Tag team
- Members: Porkchop Cash Dream Machine Mad Dog Boyd Jimmy Hart (Manager)
- Billed heights: Porkchop Cash: 6 ft 0 in (1.83 m) Dream Machine: 5 ft 11 in (1.80 m)
- Combined billed weight: 471 Ib (214 kg)
- Debut: 1982
- Disbanded: 1983

= Bruise Brothers (professional wrestling) =

Professional wrestling tag team

The Bruise Brothers was a professional wrestling tag team, composed of Porkchop Cash and Dream Machine, and later Mad Dog Boyd.

==History==
In 1982, Porkchop Cash joined Jerry Jarrett's Continental Wrestling Association based in Memphis, Tennessee. Cash soon formed a tag team with Troy Graham (who wrestled as "Dream Machine") known as the Bruise Brothers. Wrestling as heels, they held the AWA Southern Tag Team Championship twice. The Bruise Brothers were in the First Family stable of Jimmy Hart. Their main rivals were The Sheepherders, as tag team from New Zealand. They beat Dutch Mantel and Koko B. Ware for their first title on October 3, 1983. They also had a series matches with the Rock 'n' Roll Express, trading the AWA Southern Tag Team Championship with them. A notable moment in the feud came after their match on November 7, 1983. Cash and Graham lost the match and the belts and responded by attacking the referee, Paul Morton (father of Ricky Morton of the Rock 'n' Roll Express). The Bruise Brothers avenged their loss one week later by regaining the championship. On November 29, 1983, the Bruise Brothers dropped the belts to the Fabulous Ones. Tension built within Hart's stable, and The Bruise Brothers faced stablemates The Grapplers (Len Denton and Tony Anthony) in a "losers no longer managed by Jimmy Hart" match on December 26. The Grapplers won, leaving Cash and Graham without a manager.

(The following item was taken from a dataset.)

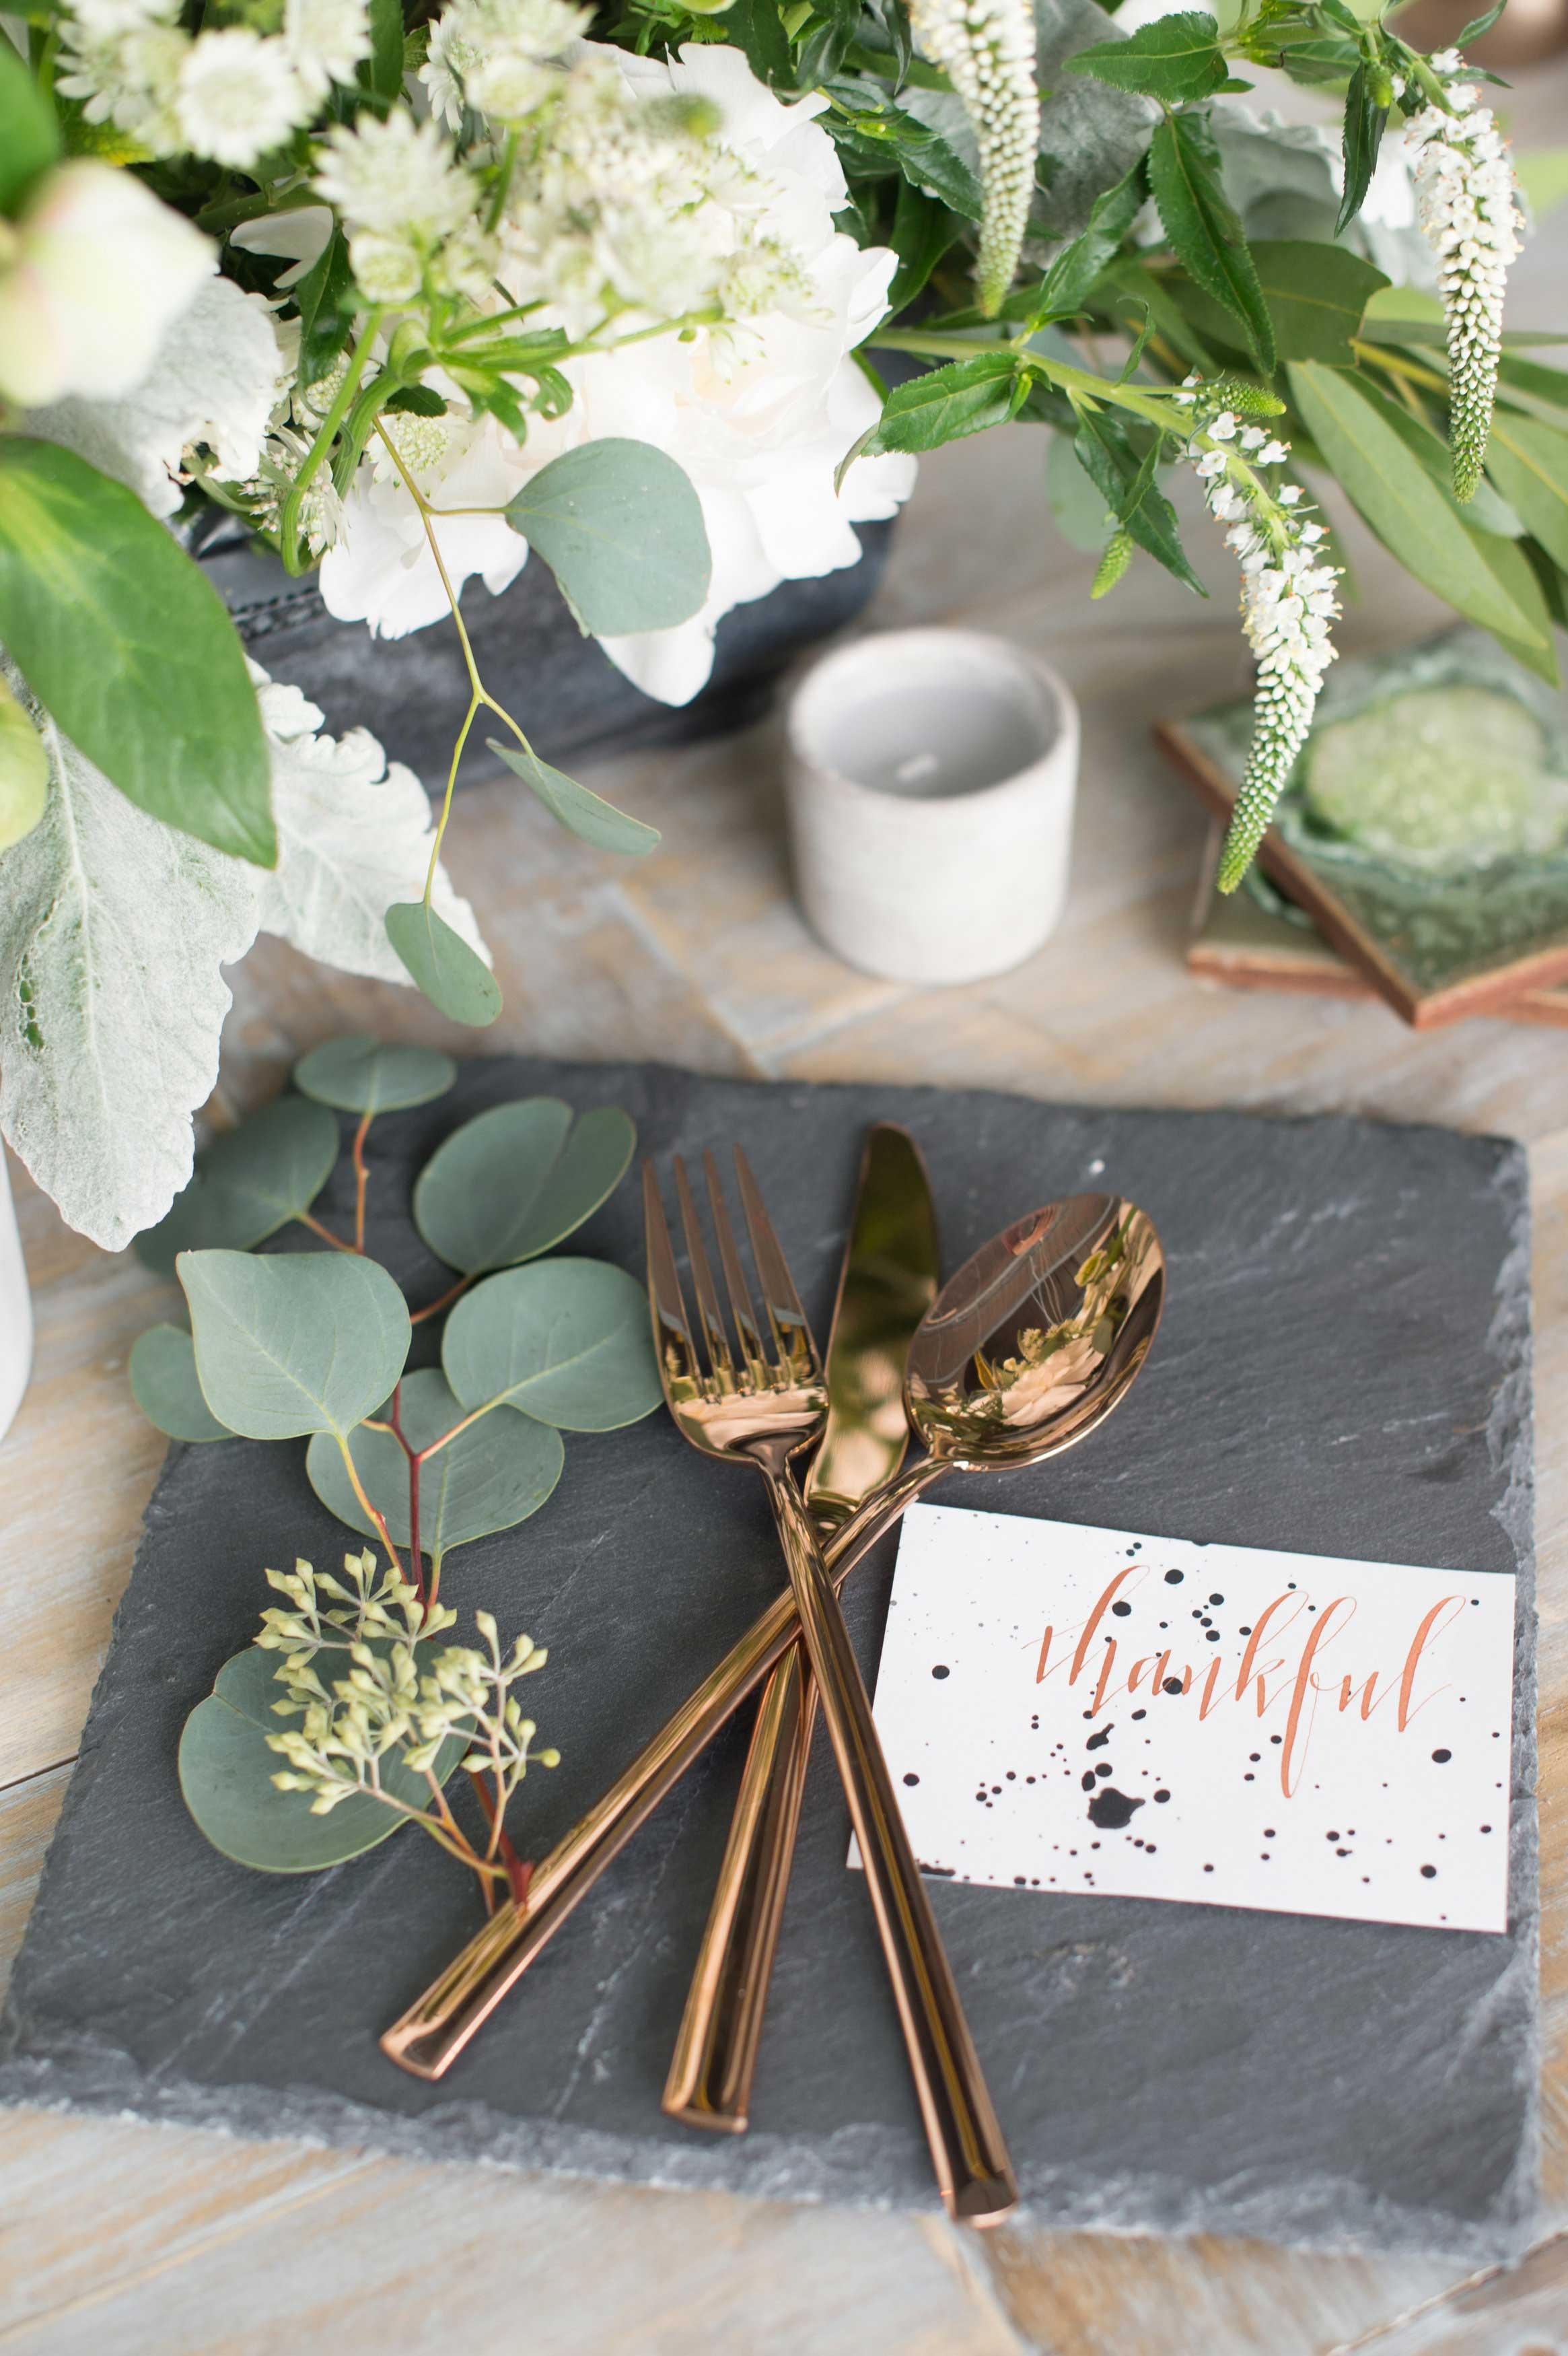 EVOKE DC Modern Whimsy wedding ideas slate stand with rose gold flatware fork knife spoon
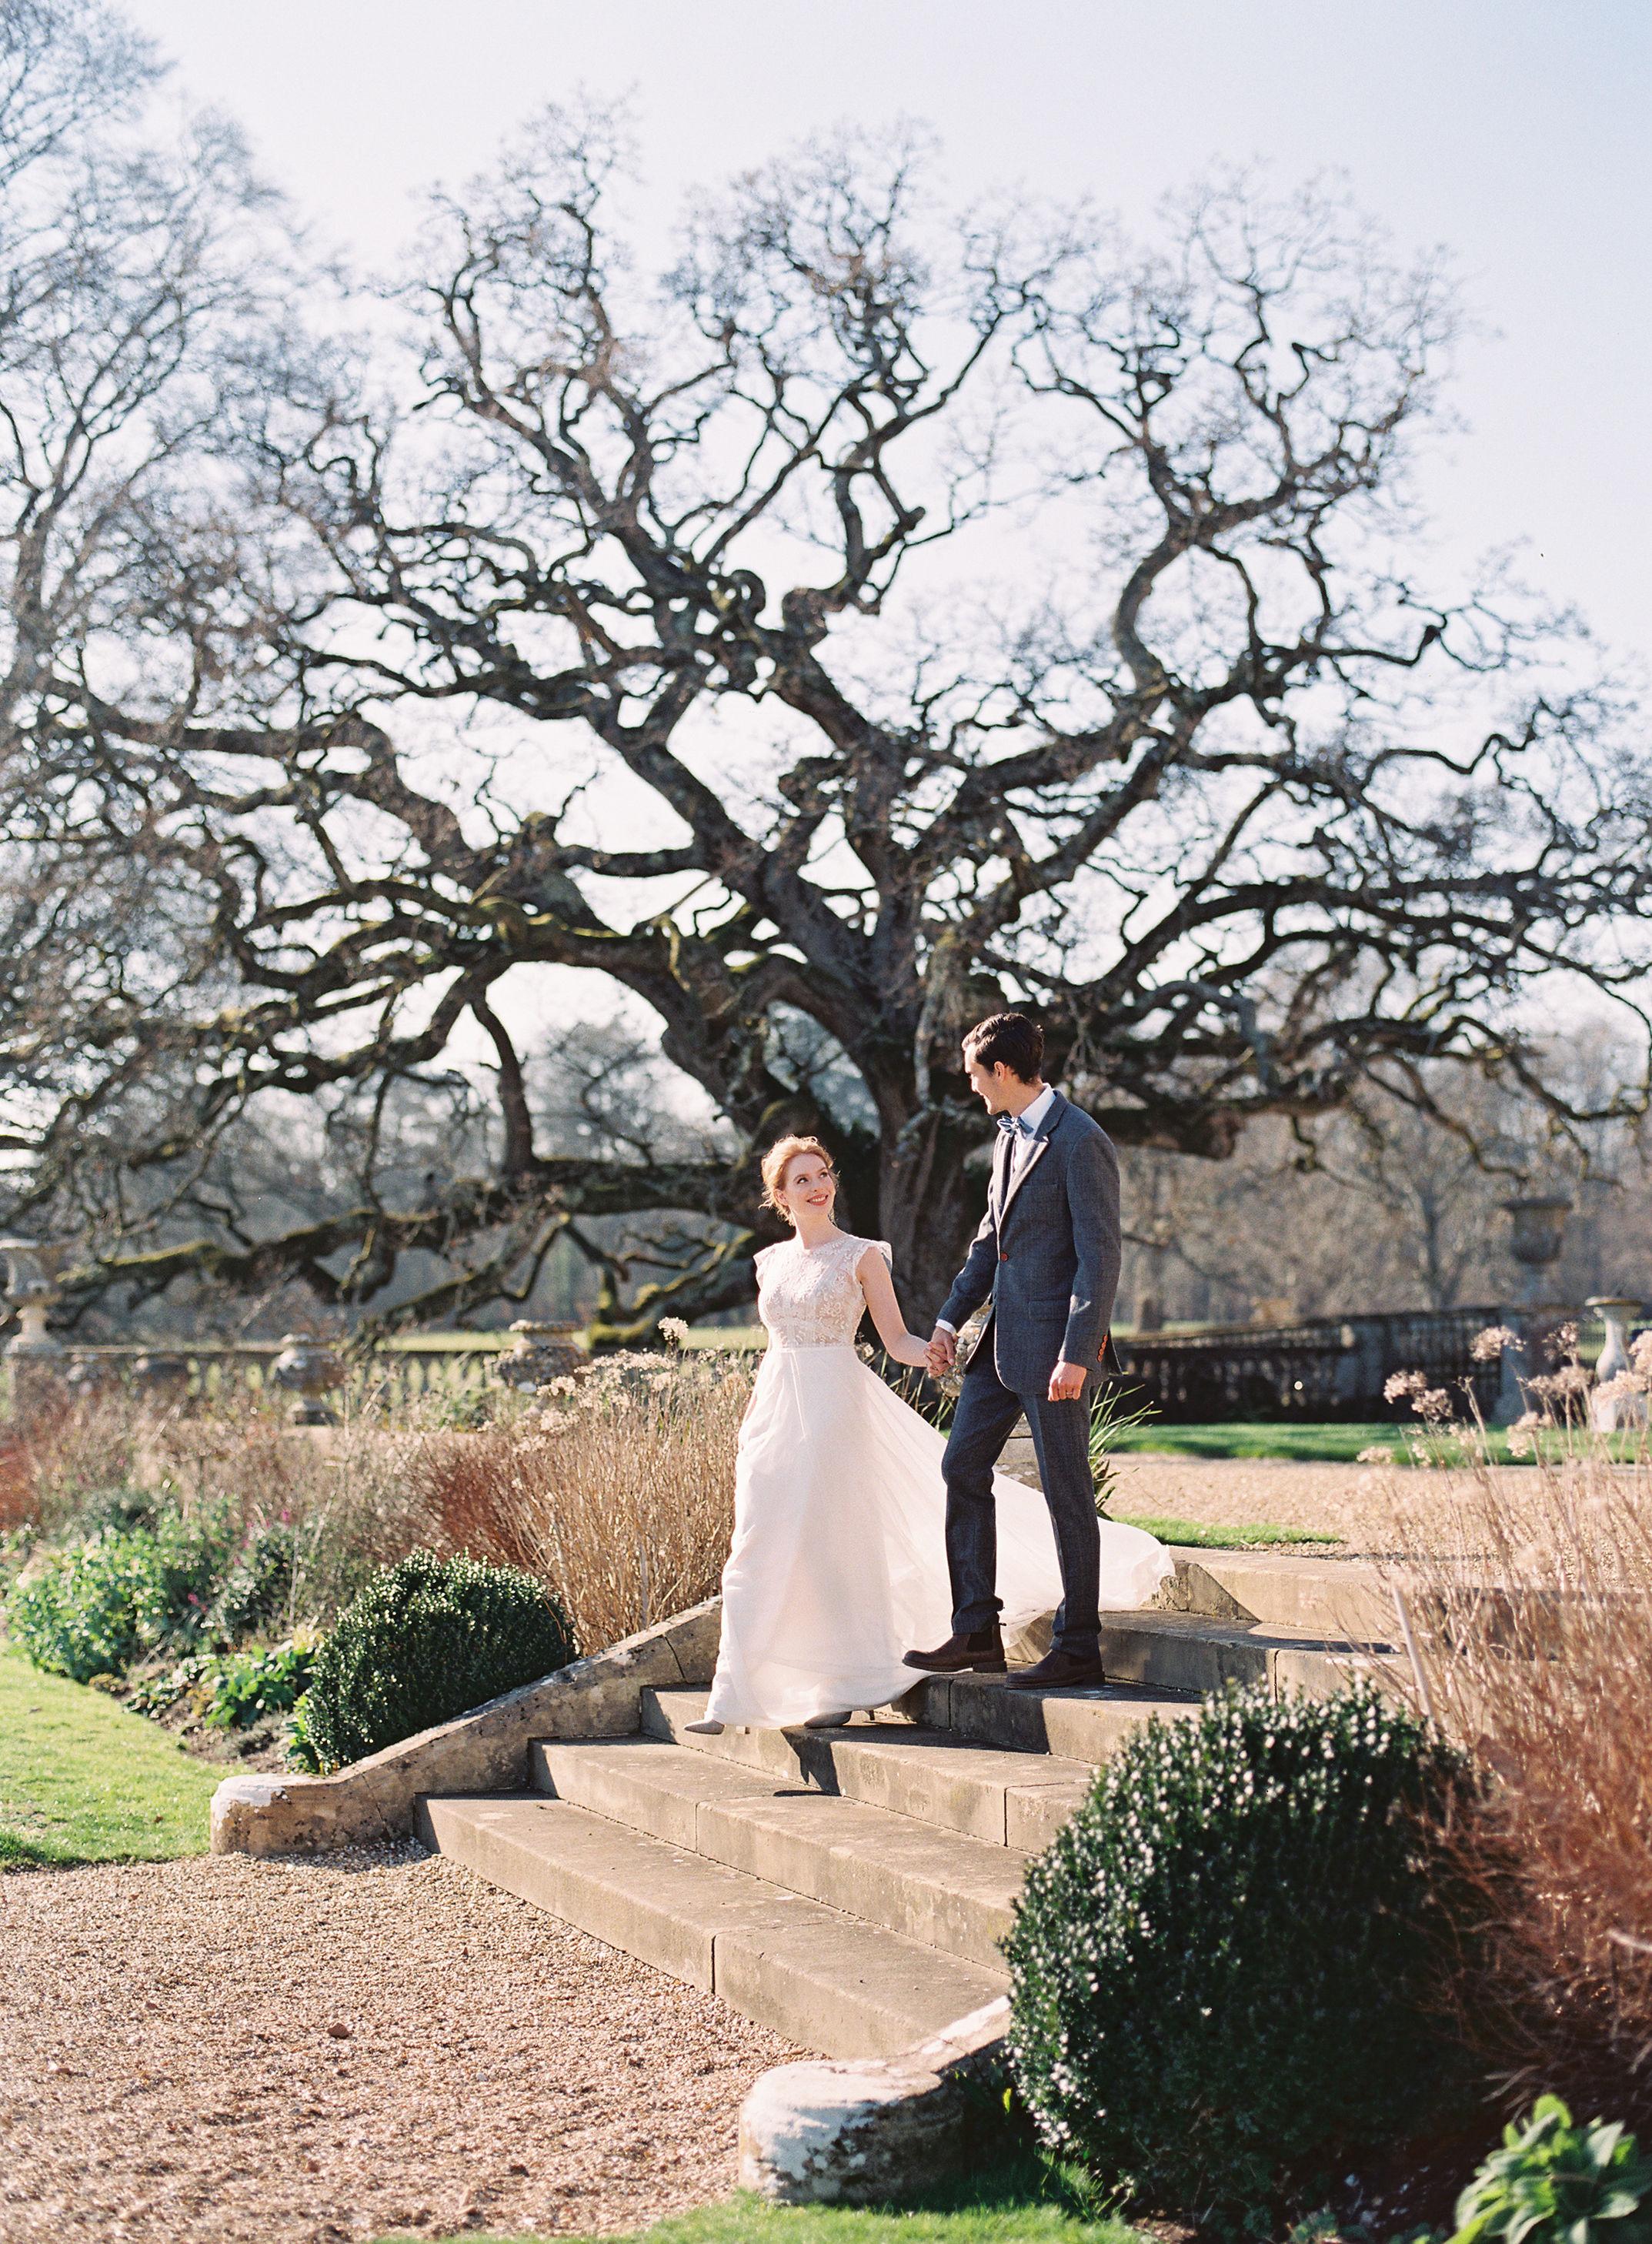 The Timeless Stylist-A Forgotten Love Story-Fine Art Wedding Editorial-Heirloom Wedding Styling 64.jpg

Shortly thereafter, Graham broke his ankle which ended his career. Reprising the gimmick in Memphis, King Parsons was to take Graham's place but never showed up due to taking a contract with World Class Championship Wrestling. Mad Dog Boyd was pulled out of the parking lot and added to the team because Boyd fit the costume Parsons was meant to wear. Cash and Boyd initiated a feud with Eddie Gilbert by stealing a portrait of Gilbert that he had been showing off every week and offering to award to the winner of a draw.